A short answer is that independent student media organizations exist to be “learning laboratories.” Learning cannot exist without the freedom to make mistakes, a power that students would not have had under The Red & Black’s new system.
“The CSU football team would be a lot better if Peyton Manning could be the quarterback,” said Larry Steward, the president of Rocky Mountain Student Media Corporation, the Collegian’s parent company. “But the development process is the hallmark of what we do.”
“I don’t think you can fully learn what it means to be a journalist until your decisions have real implications,” said Mike Humphrey, the Collegian’s journalism adviser.
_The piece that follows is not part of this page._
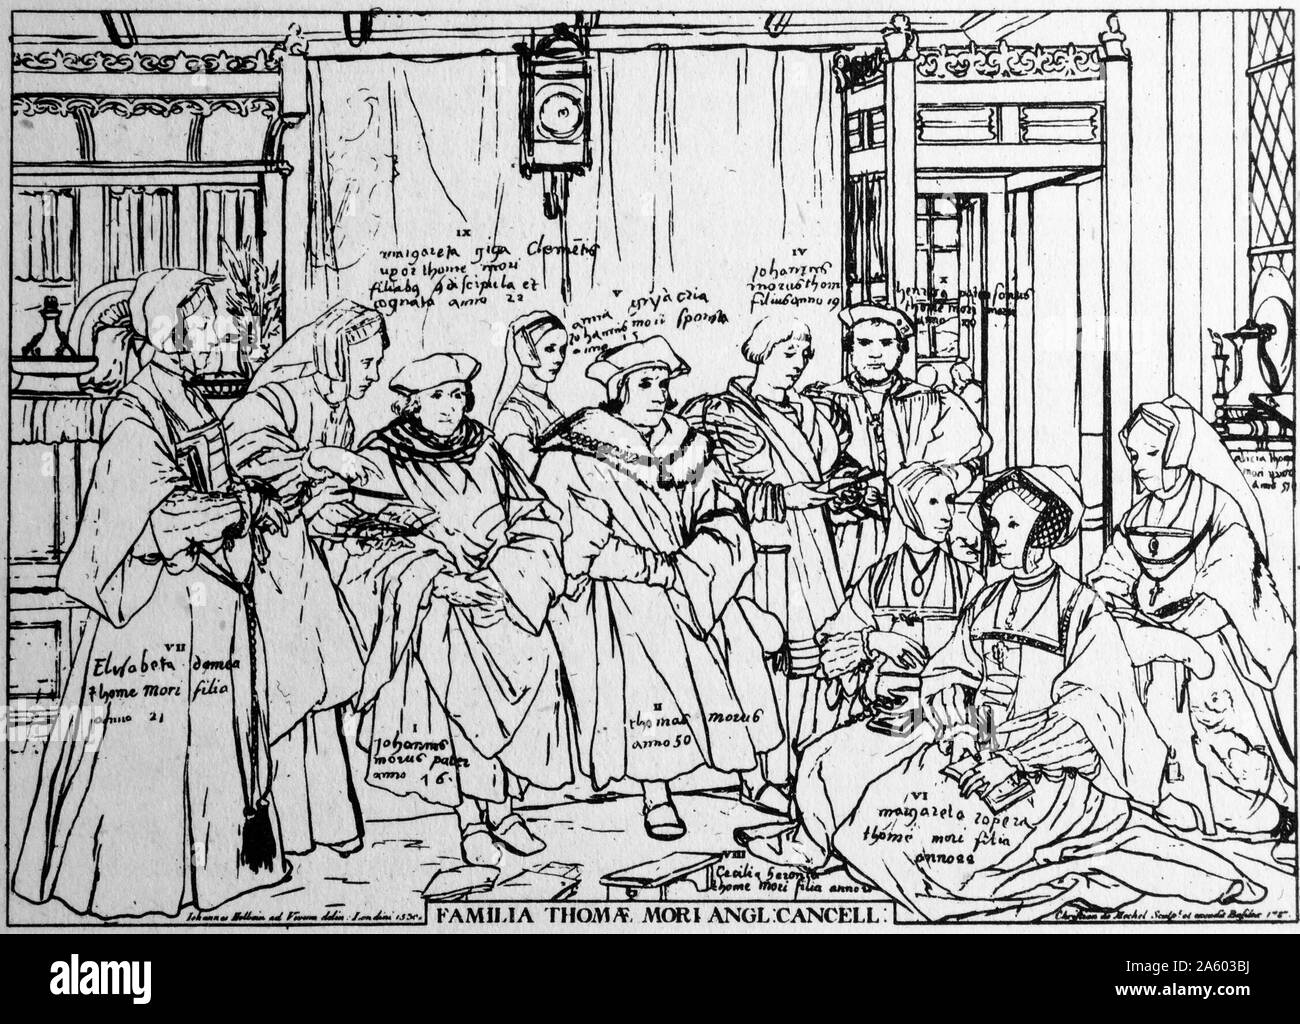 Gravur, die Darstellung der Adelsfamilie von Sir Thomas More (1478-1535) ein englischer Rechtsanwalt Sozialphilosoph, Schriftsteller, Staatsmann und Humanist der Renaissance festgestellt. Datiert aus dem 16. Jahrhundert Stockfoto

It’s true. Any decision this paper makes this semester will entirely rest on my shoulders. And it will come with a steep learning curve. It will mean sleepless nights, and it will almost certainly mean that I will inadvertently make a mistake that pisses at least one person off. But I would not want to have it any other way, because I know that when I leave this basement, I’ll have an education that I could never get in a classroom.
But beyond learning, I think that student media has another role: Giving students at the university a voice, and advocating for students in a way that another media organization, like the Fort Collins Coloradoan, can’t.
And you can’t have a voice unless you’re entirely independent, especially when you’re on a college campus.
After all, CSU is essentially one giant marketing machine. From the clean-cut, polo shirt-clad tour guides to our image as a “green” university, everything that you think you know about CSU has been as carefully cultivated as everything that you think you know about any corporation.
The university, like any other organization trying to make money, wants to shy away from any press that can make it look bad. That’s why the Collegian isn’t directly affiliated with the university (although we do receive roughly $520,000 from the Associated Students of CSU). We need to have the power to be a watchdog, something we couldn’t do if anyone with a vested interest in the university had prior review.
I don’t think the Collegian would ever face the hurdles that students at The Red & Black faced last week, in part because we have a financial incentive. Our funding from ASCSU comes with the caveat that we have to be entirely student run, whereas, as far as I know, The Red & Black had no such agreement.
Regardless, it’s worth it to take a moment, and treasure the Collegian’s independence. No one read this column before it was published other than my student editors, and that’s the way it should be.
Because although this newspaper has made some mistakes, it’s far better than the alternative.